YOUR GOAL: Give back the listing in full and exactly, leaving out the images.

SUPPLIED DATA:
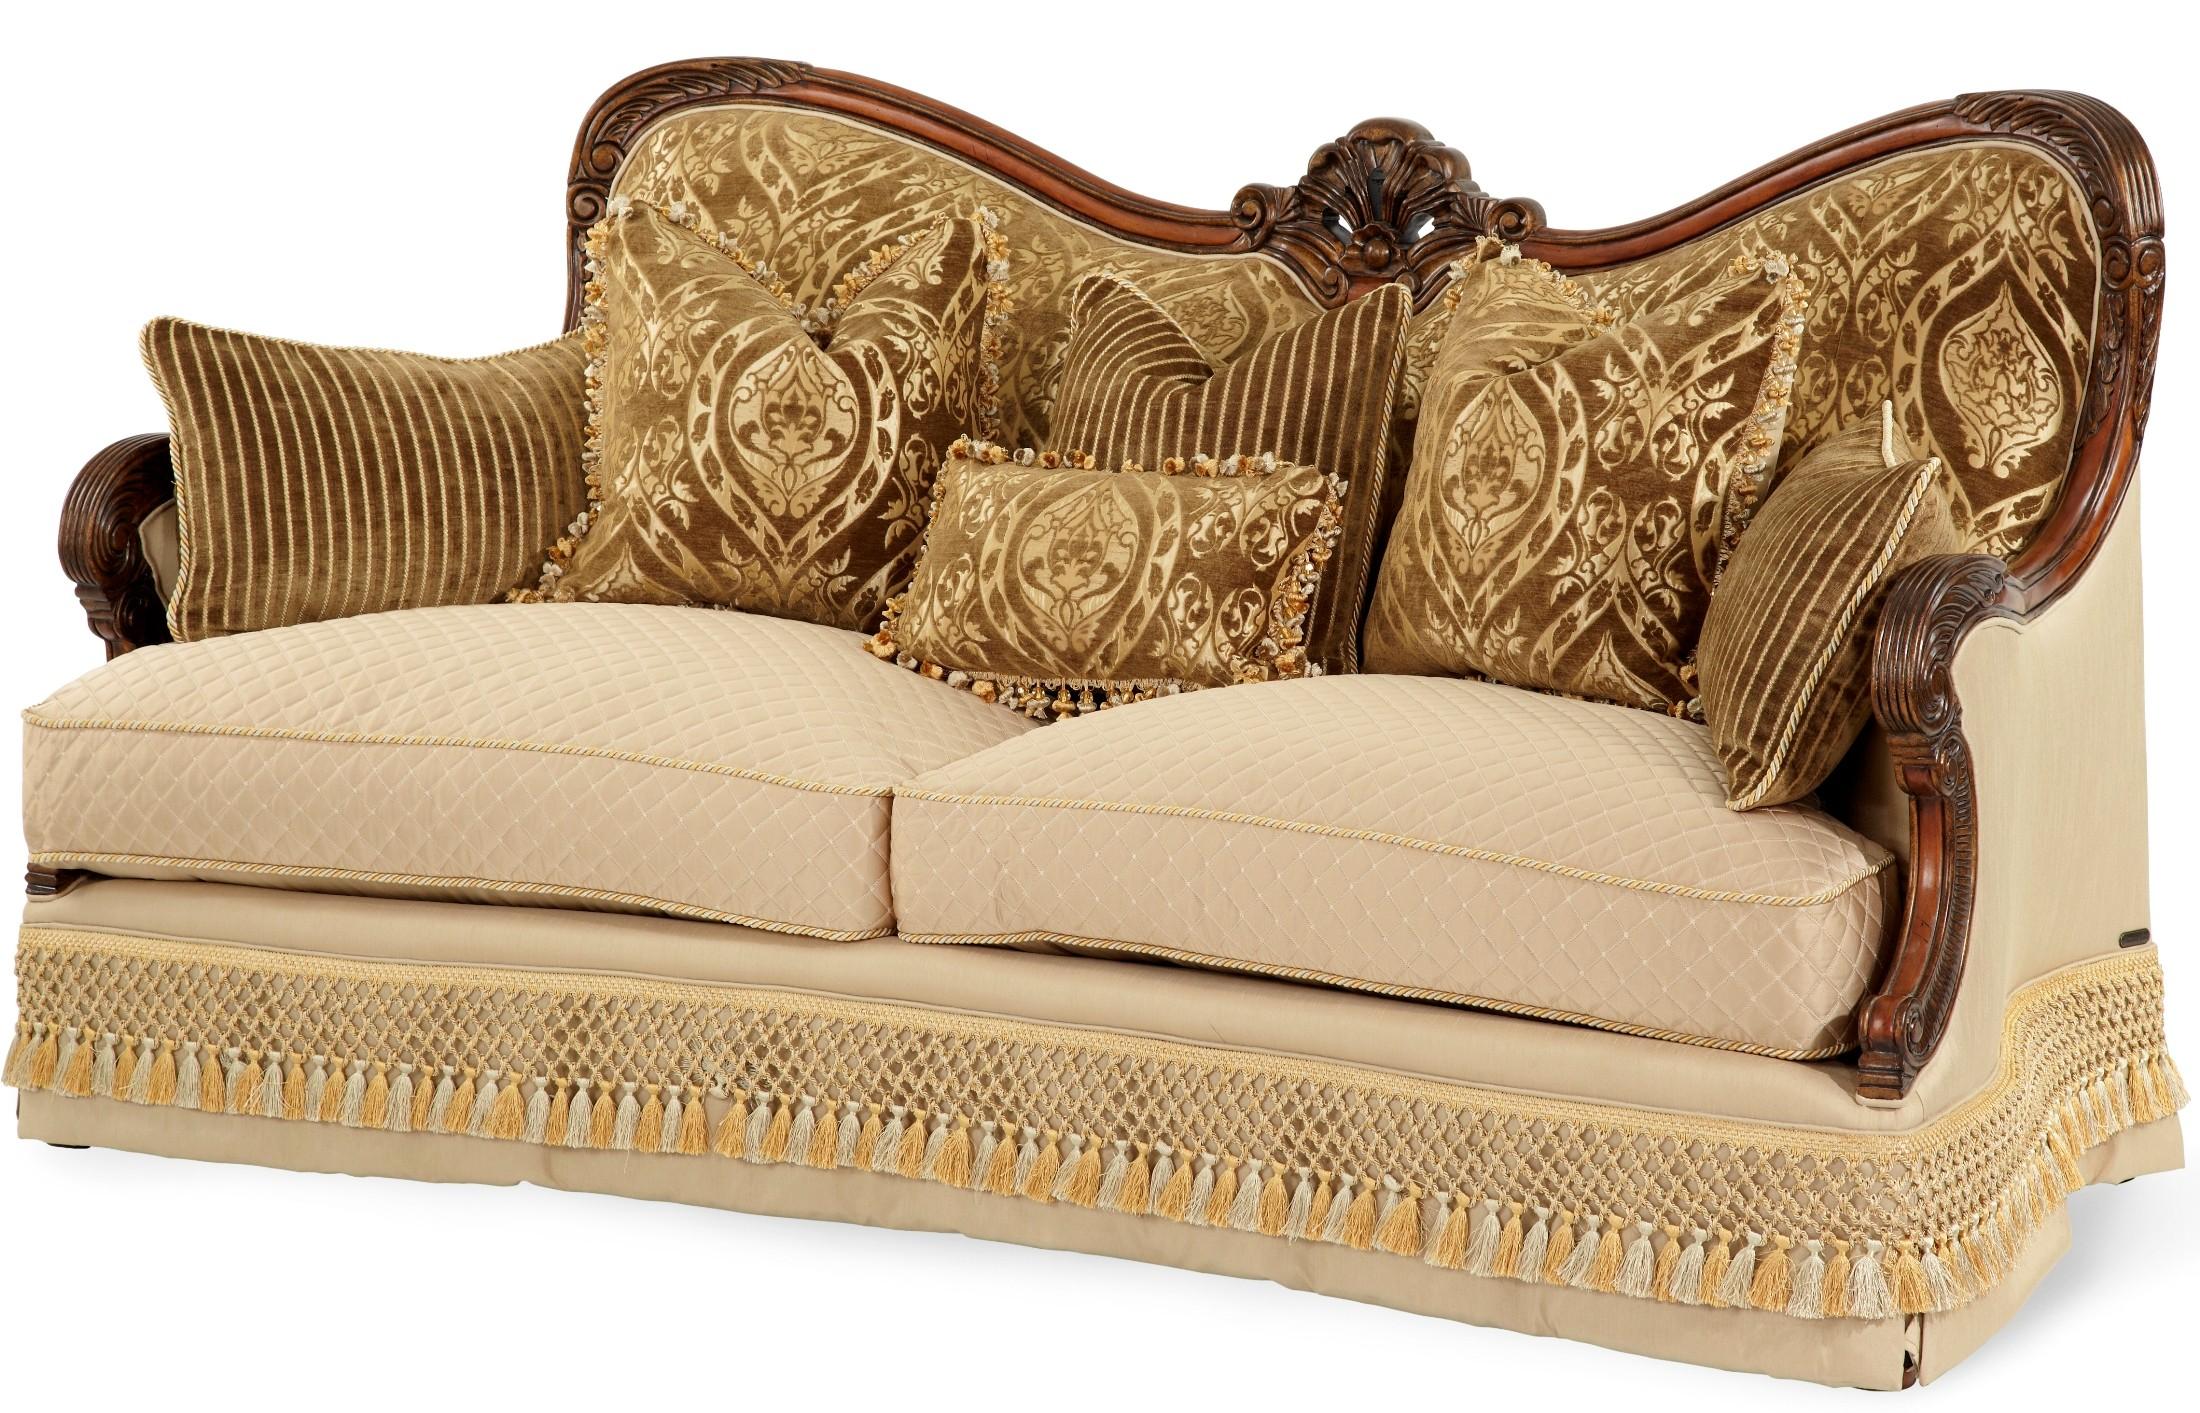 Aico chateau beauvais living room set chateau beauvais - Chateau beauvais living room furniture ...
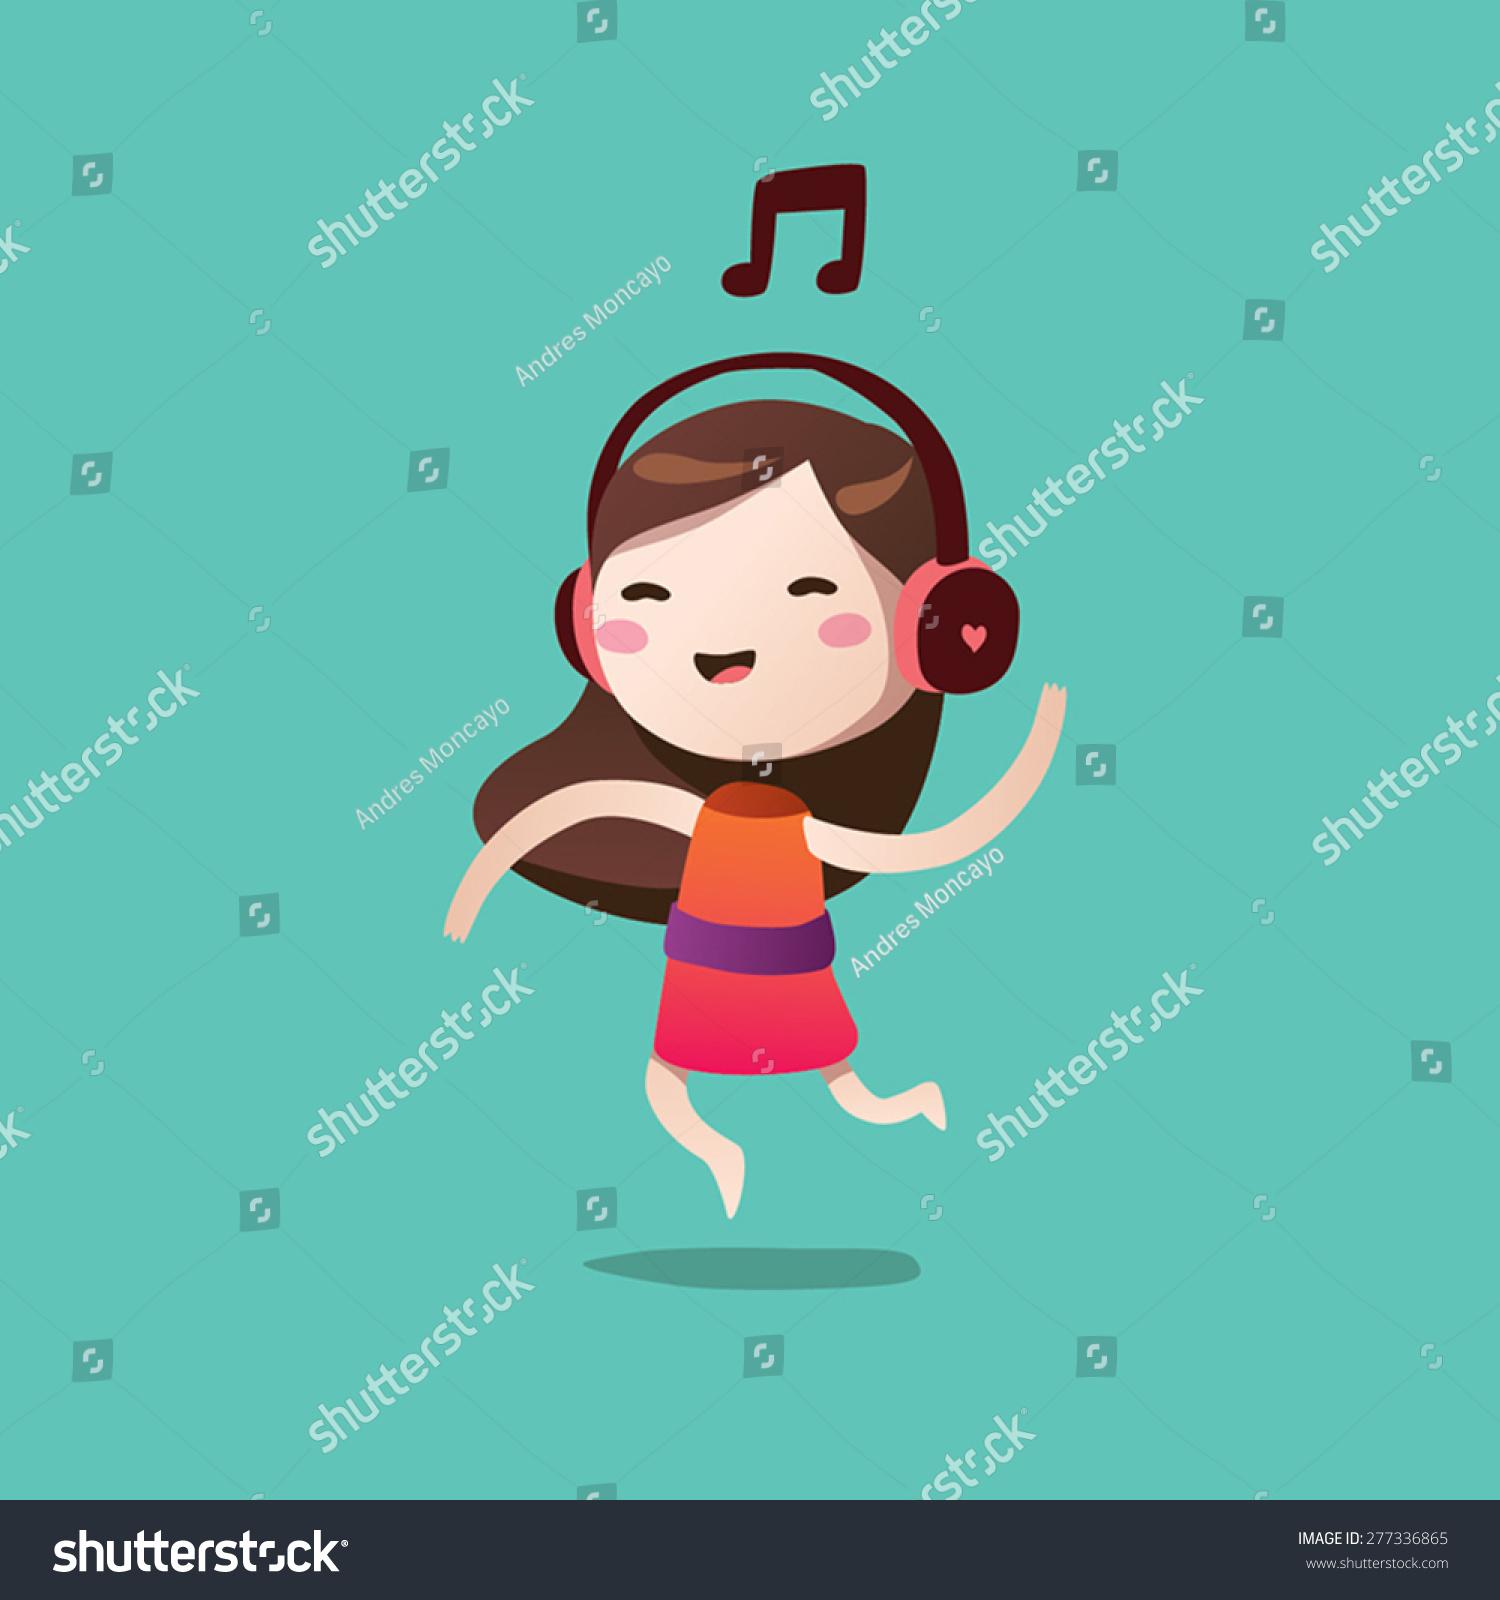 女孩可爱矢量卡通音乐-人物-海洛创意(hellorf)-中国
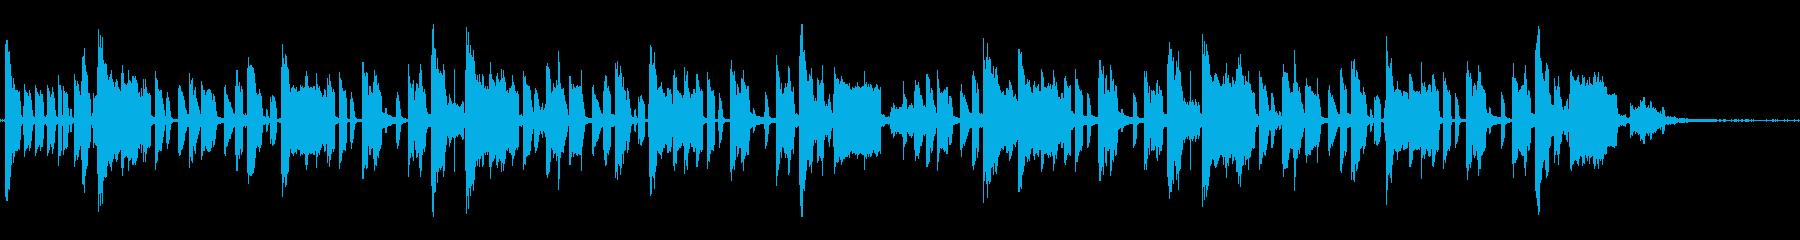 ファンキーでダークなヒップホップの再生済みの波形
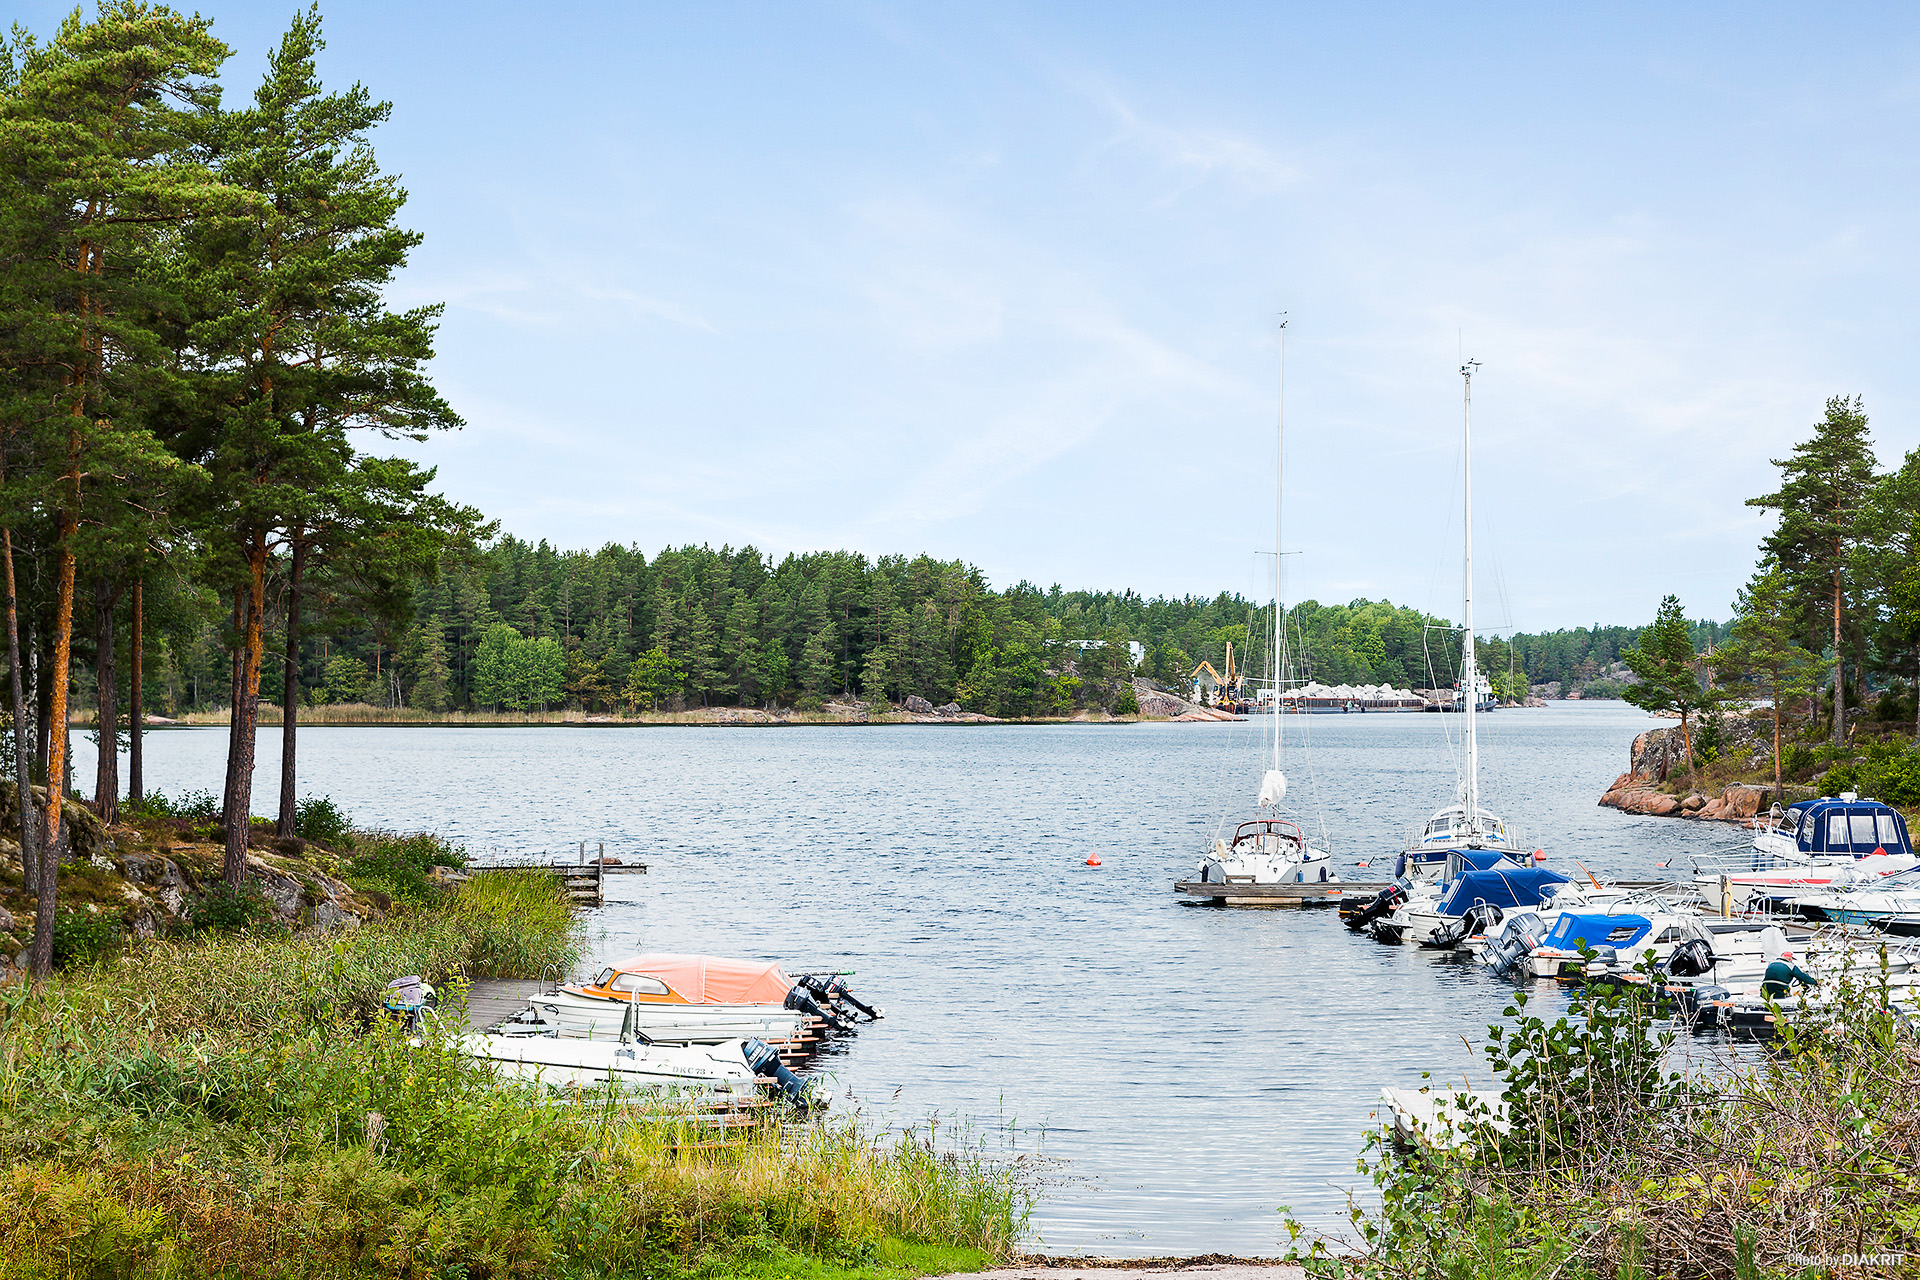 Ca 5-10 minuters gångavstånd till båtplatser och badplats.

EXERCISE RESPONSE:
 Aico chateau beauvais living room set chateau beauvais - Chateau beauvais living room furniture ...
 女孩可爱矢量卡通音乐-人物-海洛创意(hellorf)-中国
 ファンキーでダークなヒップホップの再生済みの波形
 Ca 5-10 minuters gångavstånd till båtplatser och badplats.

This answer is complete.